Exercise aim » Would you copy every line of the listing below that includes the word "size"?

[[ Dataset content, beginning ]]

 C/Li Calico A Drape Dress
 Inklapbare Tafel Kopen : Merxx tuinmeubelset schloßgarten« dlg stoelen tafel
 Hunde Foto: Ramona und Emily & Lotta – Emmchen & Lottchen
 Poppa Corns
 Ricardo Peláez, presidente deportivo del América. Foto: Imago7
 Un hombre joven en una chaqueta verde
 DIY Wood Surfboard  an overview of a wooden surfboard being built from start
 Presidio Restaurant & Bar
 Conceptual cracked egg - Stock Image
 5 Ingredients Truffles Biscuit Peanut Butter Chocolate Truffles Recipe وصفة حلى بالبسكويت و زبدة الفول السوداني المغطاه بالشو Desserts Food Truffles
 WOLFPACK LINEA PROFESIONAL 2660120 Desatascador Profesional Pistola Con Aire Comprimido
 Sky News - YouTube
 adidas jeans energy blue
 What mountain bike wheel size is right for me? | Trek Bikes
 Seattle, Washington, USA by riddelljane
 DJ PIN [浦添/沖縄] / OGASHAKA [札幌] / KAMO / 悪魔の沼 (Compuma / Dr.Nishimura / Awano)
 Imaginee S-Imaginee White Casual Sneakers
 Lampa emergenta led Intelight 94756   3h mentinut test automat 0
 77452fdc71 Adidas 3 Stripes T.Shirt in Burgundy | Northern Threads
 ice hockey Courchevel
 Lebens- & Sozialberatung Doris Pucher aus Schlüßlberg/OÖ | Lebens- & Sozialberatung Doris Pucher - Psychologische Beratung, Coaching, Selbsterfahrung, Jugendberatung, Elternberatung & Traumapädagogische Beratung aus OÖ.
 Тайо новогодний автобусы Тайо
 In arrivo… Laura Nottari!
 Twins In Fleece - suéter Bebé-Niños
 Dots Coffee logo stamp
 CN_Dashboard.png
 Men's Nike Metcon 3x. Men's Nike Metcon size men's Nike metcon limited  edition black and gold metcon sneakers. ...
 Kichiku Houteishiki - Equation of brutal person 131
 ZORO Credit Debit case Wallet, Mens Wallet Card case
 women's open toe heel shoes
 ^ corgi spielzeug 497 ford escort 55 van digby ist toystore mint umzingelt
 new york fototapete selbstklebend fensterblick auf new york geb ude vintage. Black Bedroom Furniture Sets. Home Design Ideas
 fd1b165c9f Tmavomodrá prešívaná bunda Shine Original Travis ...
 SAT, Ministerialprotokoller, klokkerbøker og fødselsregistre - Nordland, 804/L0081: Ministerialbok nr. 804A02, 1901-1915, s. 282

[[ Dataset content, end ]]

Exercise response »
 What mountain bike wheel size is right for me? | Trek Bikes
 Men's Nike Metcon 3x. Men's Nike Metcon size men's Nike metcon limited  edition black and gold metcon sneakers. ...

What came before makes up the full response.